## [Exercise data]
◆ ◆ ◆
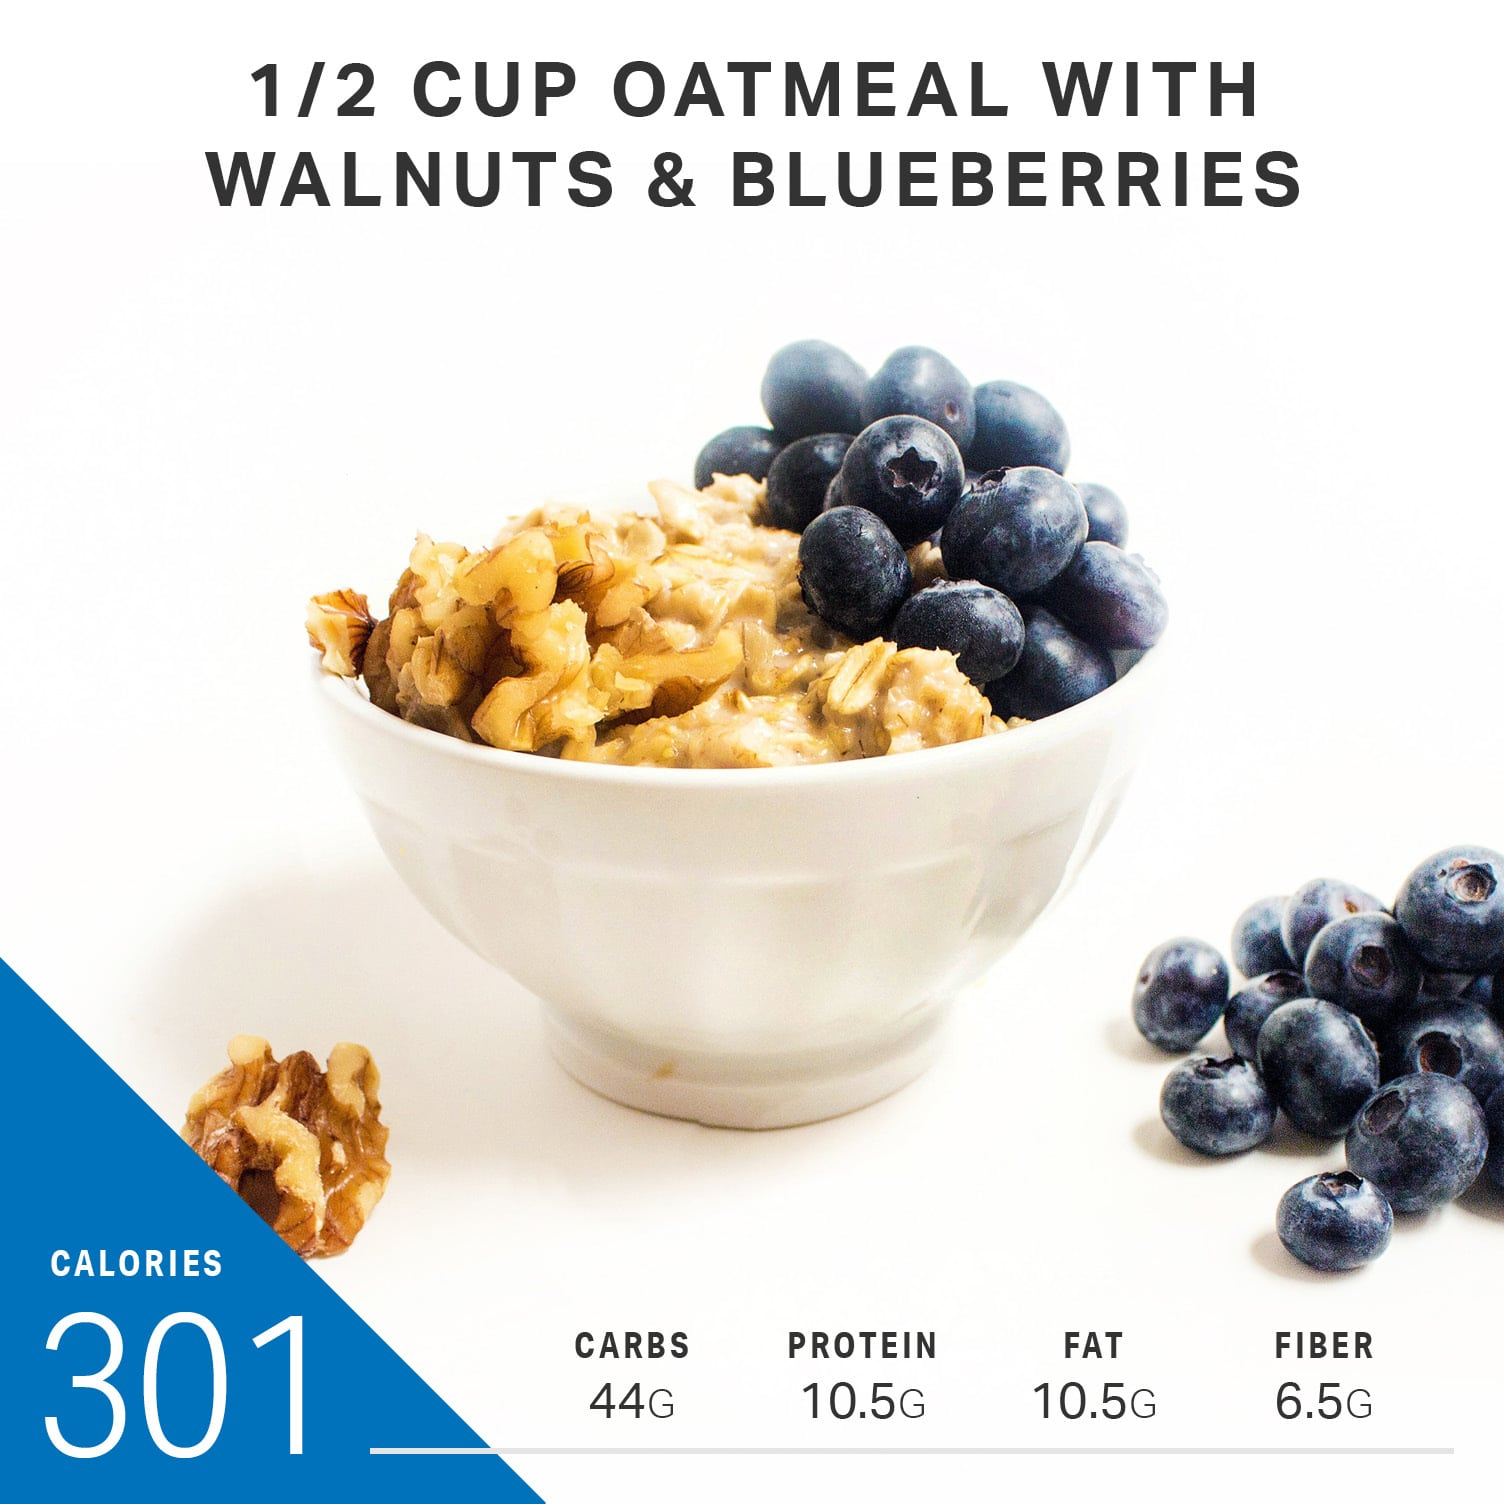 UACF-What-1200-Calories-Looks-LIke-update-.jpg
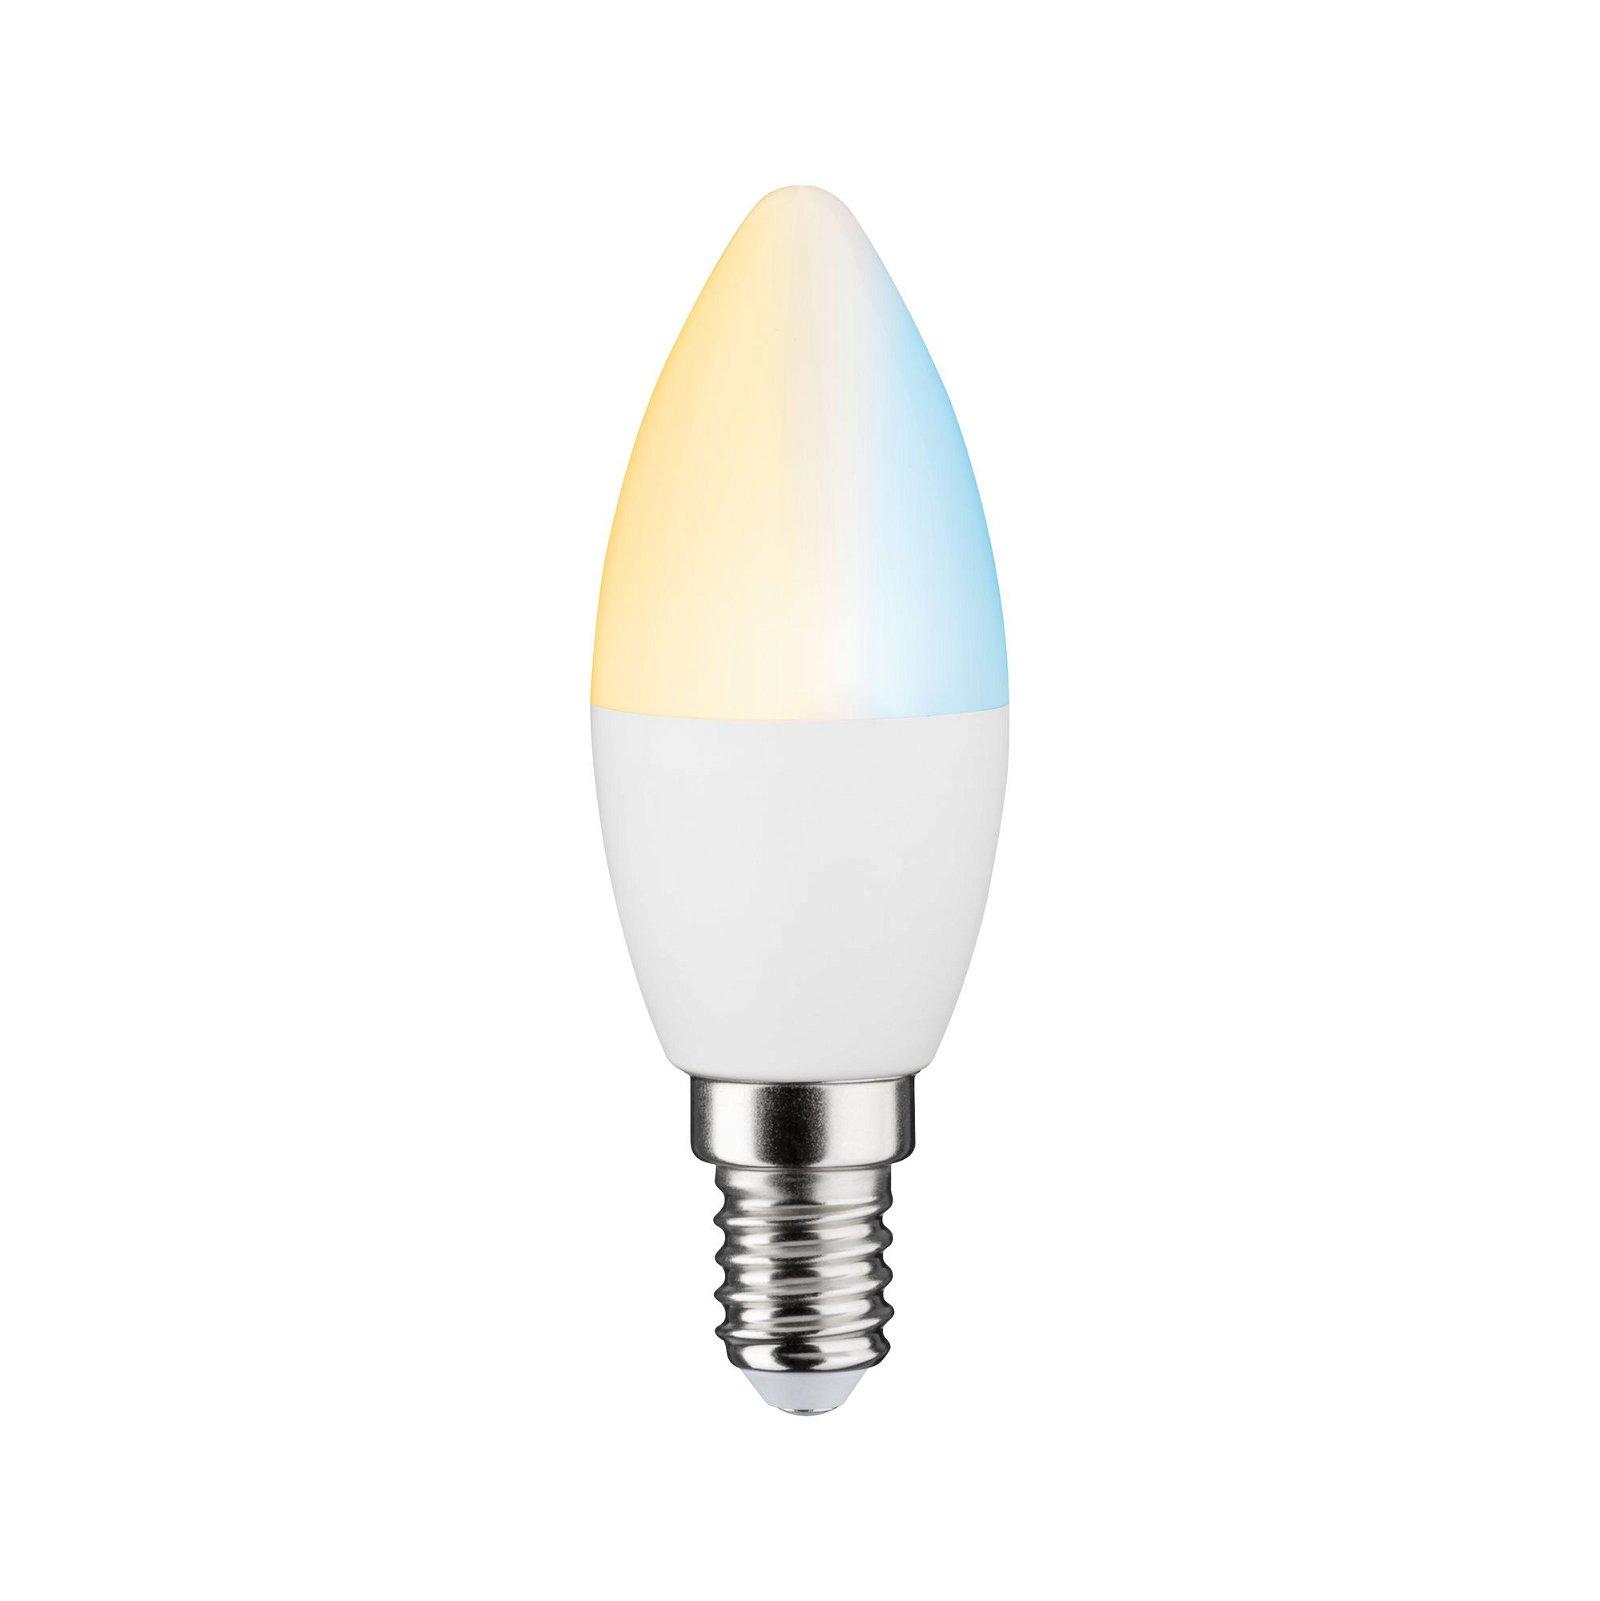 LED Kerze Smart Home Zigbee E14 230V 400lm 5W Tunable White Matt
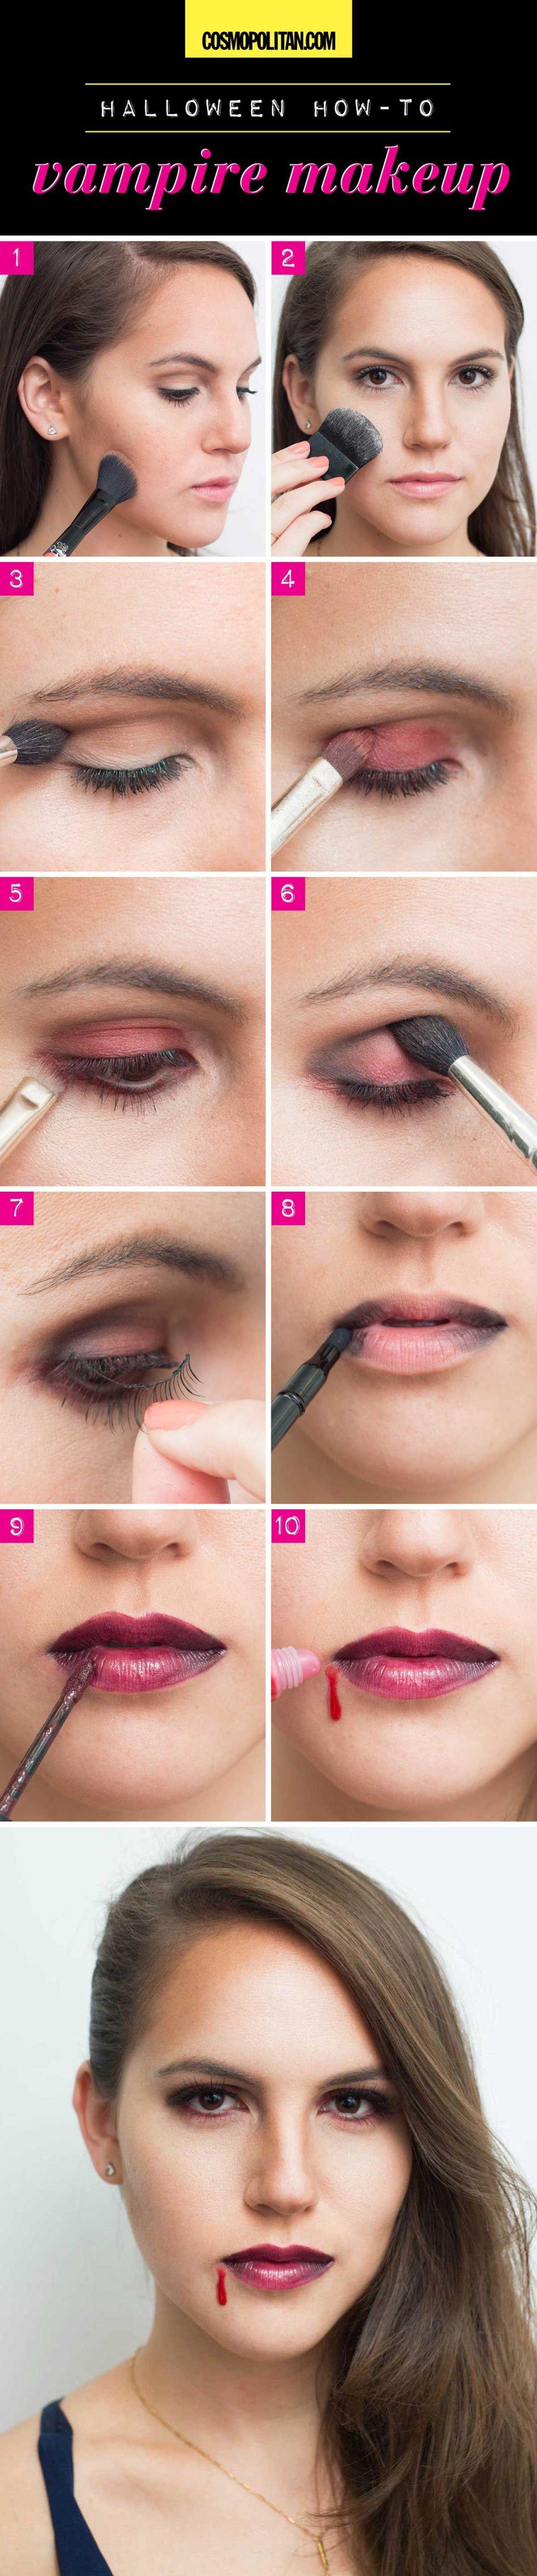 8 easy halloween makeup ideas halloween makeup tutorials with makeup you already have
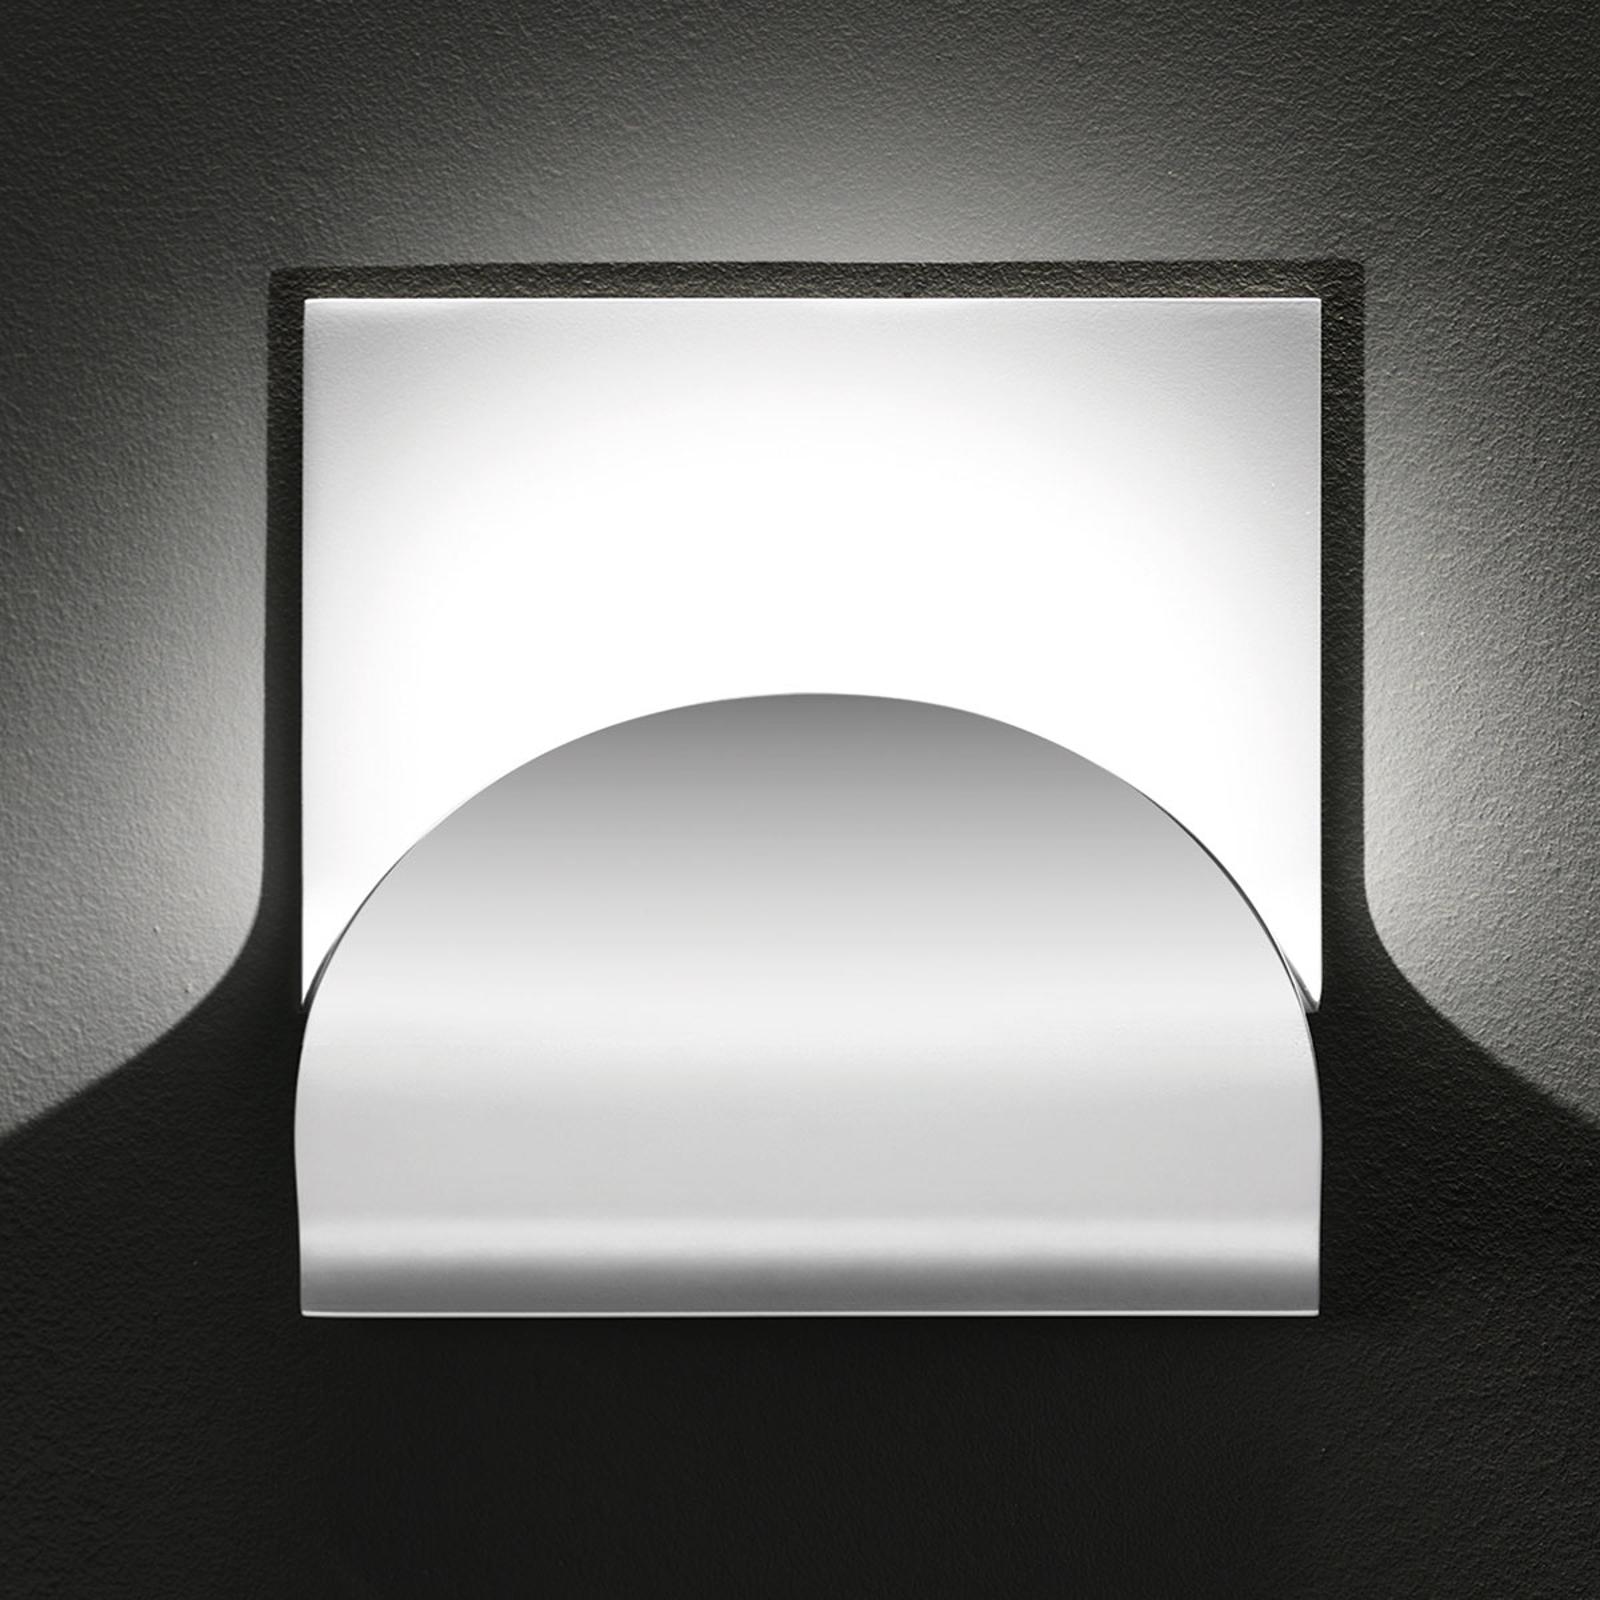 Cini&Nils Incontro applique LED blanc
◆ ◆ ◆
## [Task goal]
Without the pictures, transcribe the listing above exactly.

## [Answer space]
 UACF-What-1200-Calories-Looks-LIke-update-.jpg
 LED Kerze Smart Home Zigbee E14 230V 400lm 5W Tunable White Matt
 8 easy halloween makeup ideas halloween makeup tutorials with makeup you already have
 Cini&Nils Incontro applique LED blanc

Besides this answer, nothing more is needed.